The i-Guide allows subscribers to jump from TV channels such as Home Box Office to the HBO On Demand programming library, with a click of the remote.
While subscribers with traditional IPGs need to punch in a new channel number in order to pull up HBO On Demand, Comcast subscribers with i-Guide watching a live HBO channel can simply hit the “info” button on their remote, and then pull up the HBO On Demand library without punching in a different number.
Gemstar has also sold banner ads for the i-Guide to HBO, ESPN, Paramount Pictures and other programmers. Subscribers who click on the banner ads on the i-Guide can instantly pull up each programmer’s on-demand libraries.
Time Warner Cable also has been testing a new programming-navigation system from Gotuit Media Corp. on its Portland, Maine, system, since April 2004 (see “Interactive TV Unchained,’’ page 14).

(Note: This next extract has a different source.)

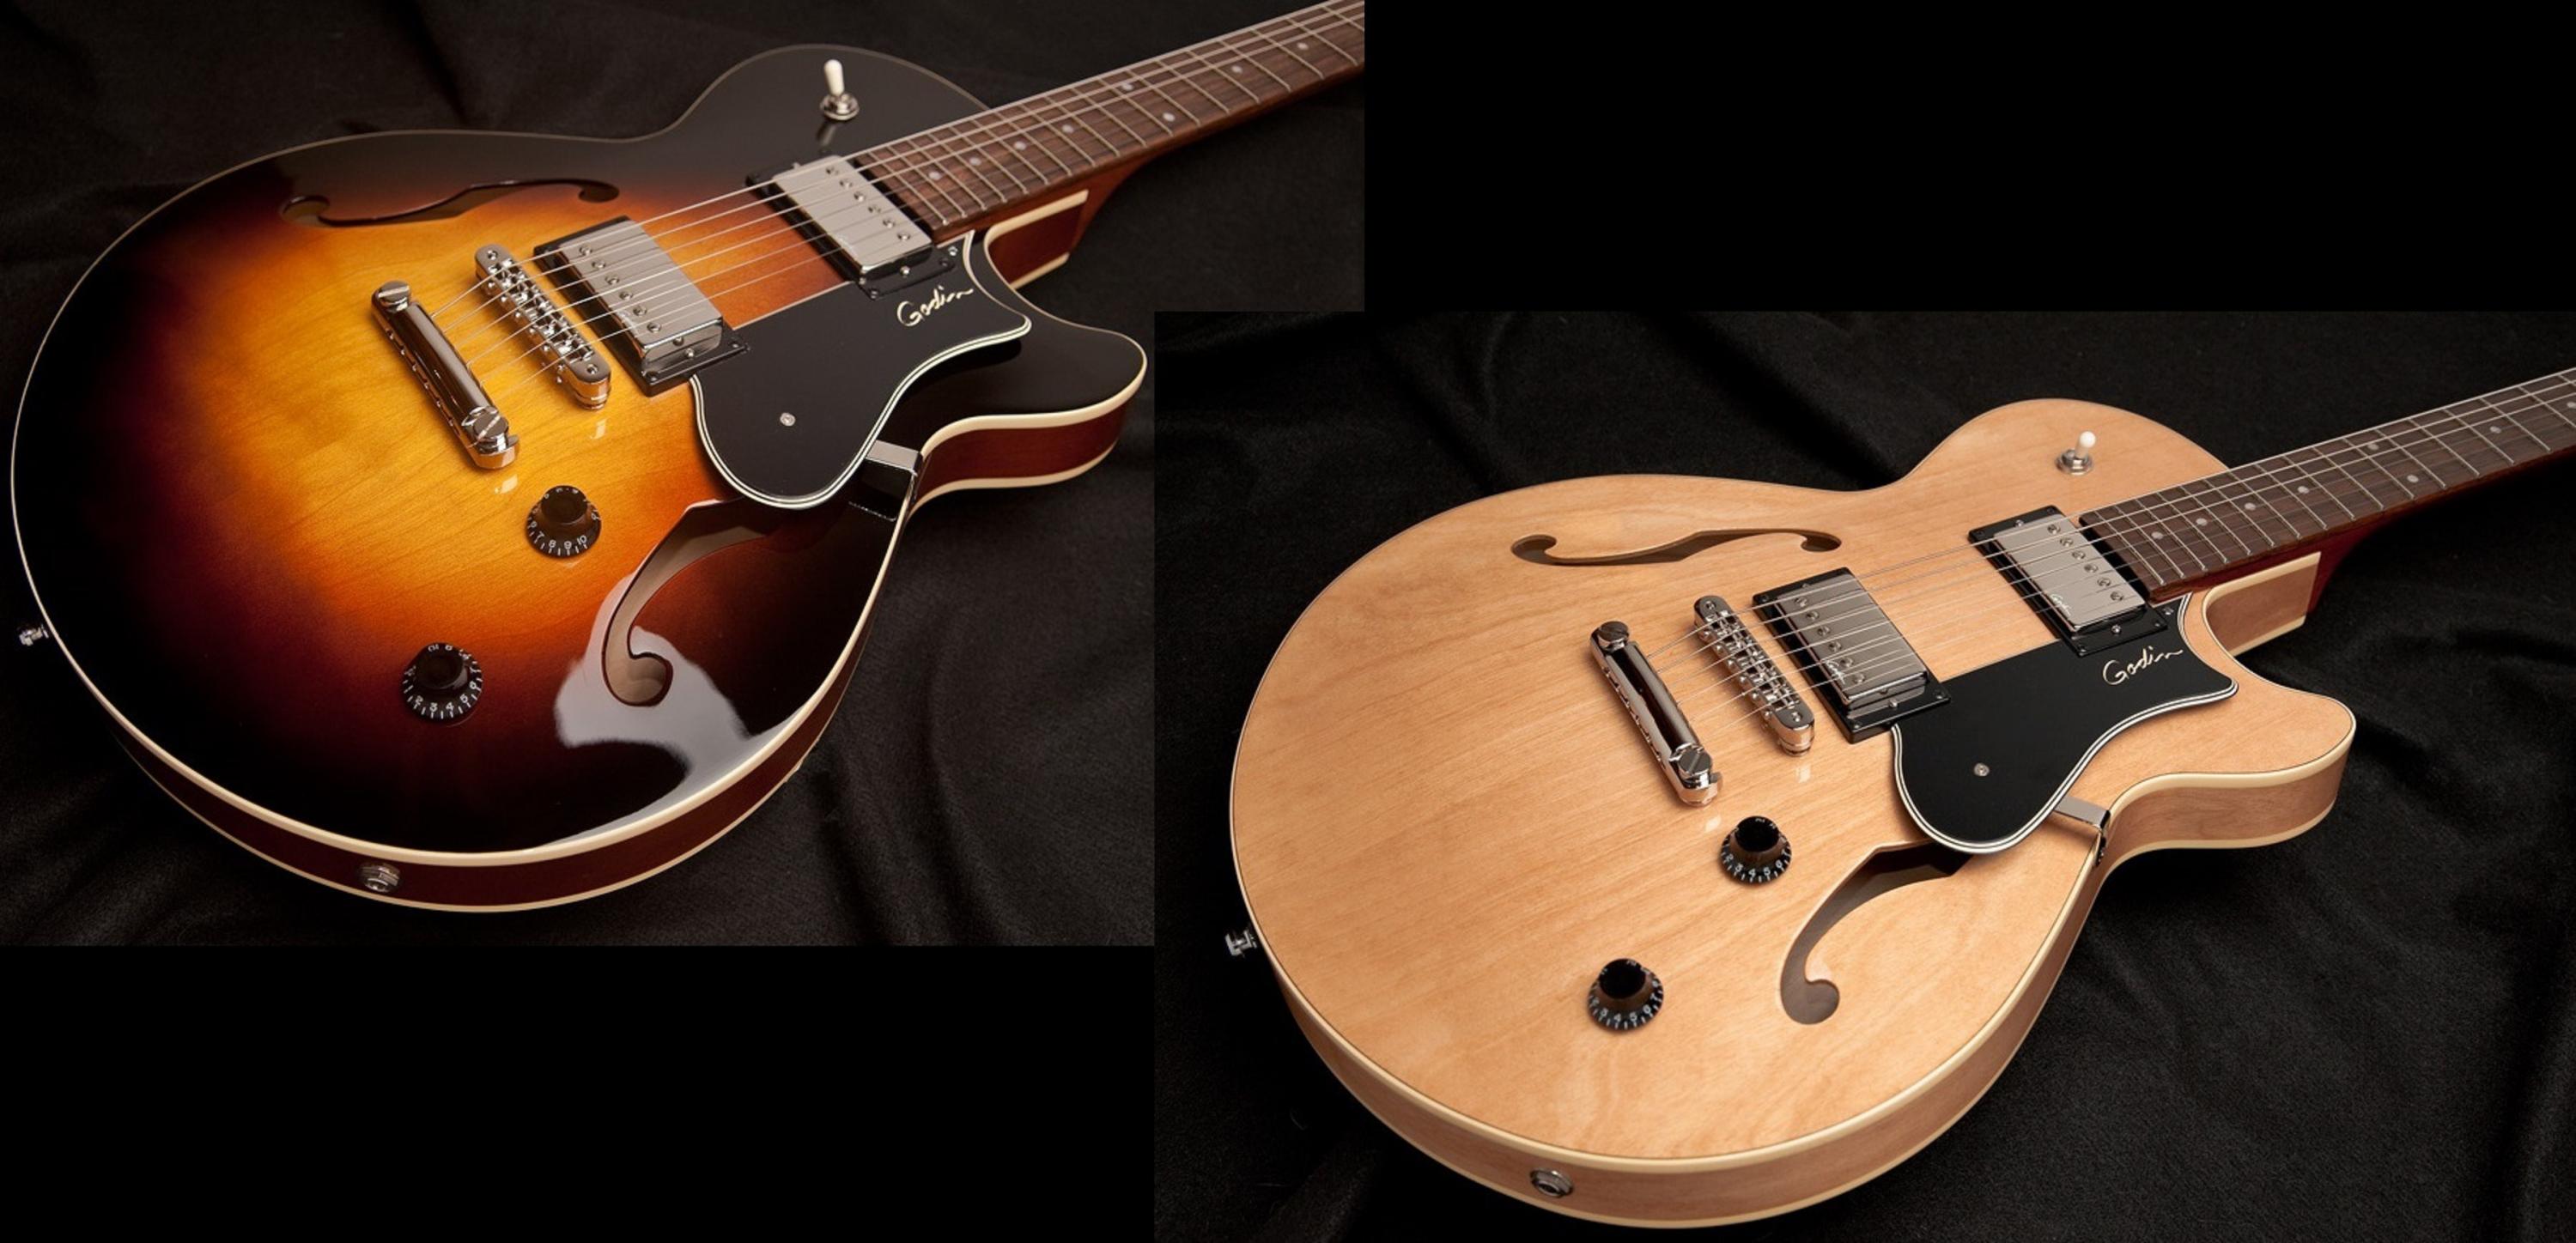 Thinking about upgrading my Montreal Premiere ... maybe-godin-montreal-premiere-x-2-jpg

The Gotuit product breaks down programming, ranging from football games to Scripps Networks shows, into short segments, such as individual football plays, which are tagged by Gotuit staffers.
Adelphia Communications Corp.’s Buffalo, N.Y., system is using a Gotuit application that allows subscribers to configure its on-demand system to present them National Football League game highlights from players on their fantasy football teams.
Gotuit chairman and CEO Dan O’Brien said the company is also developing a “My Vault” application, set to roll out in 2006, which would allow on-demand subscribers to aggregate their favorite programs on a single screen.
O’Brien said his cable customers are looking to ease navigation for subscribers, as the size of video-on-demand libraries grow.
“I think that operators are saying, 'I have to do what the consumer wants. I’ve got to make this as easy for them as possible, because if I don’t, then someone else will,’ O’Brien said. “I think cable is looking at VOD and personalization and control as a point of differentiation against other platform deliverers.”
Gotuit, which supplies operators with original on-demand content, including tryouts for the New England Patriots cheerleader squad and music videos, is also pitching cable operators an on-demand advertising service. Viewers can use the Gotuit navigation system to view on-demand programming in full-screen mode, but when they browse on-demand listings, the screen uses an L-wrap interface with program listings on the left side of the screen, with banner ads, similar to Web ads, on the bottom of the screen.
Operators could also use Gotuit technology to allow viewers to click their remotes to link from banner ads to long-form commercials from advertisers, O’Brien said.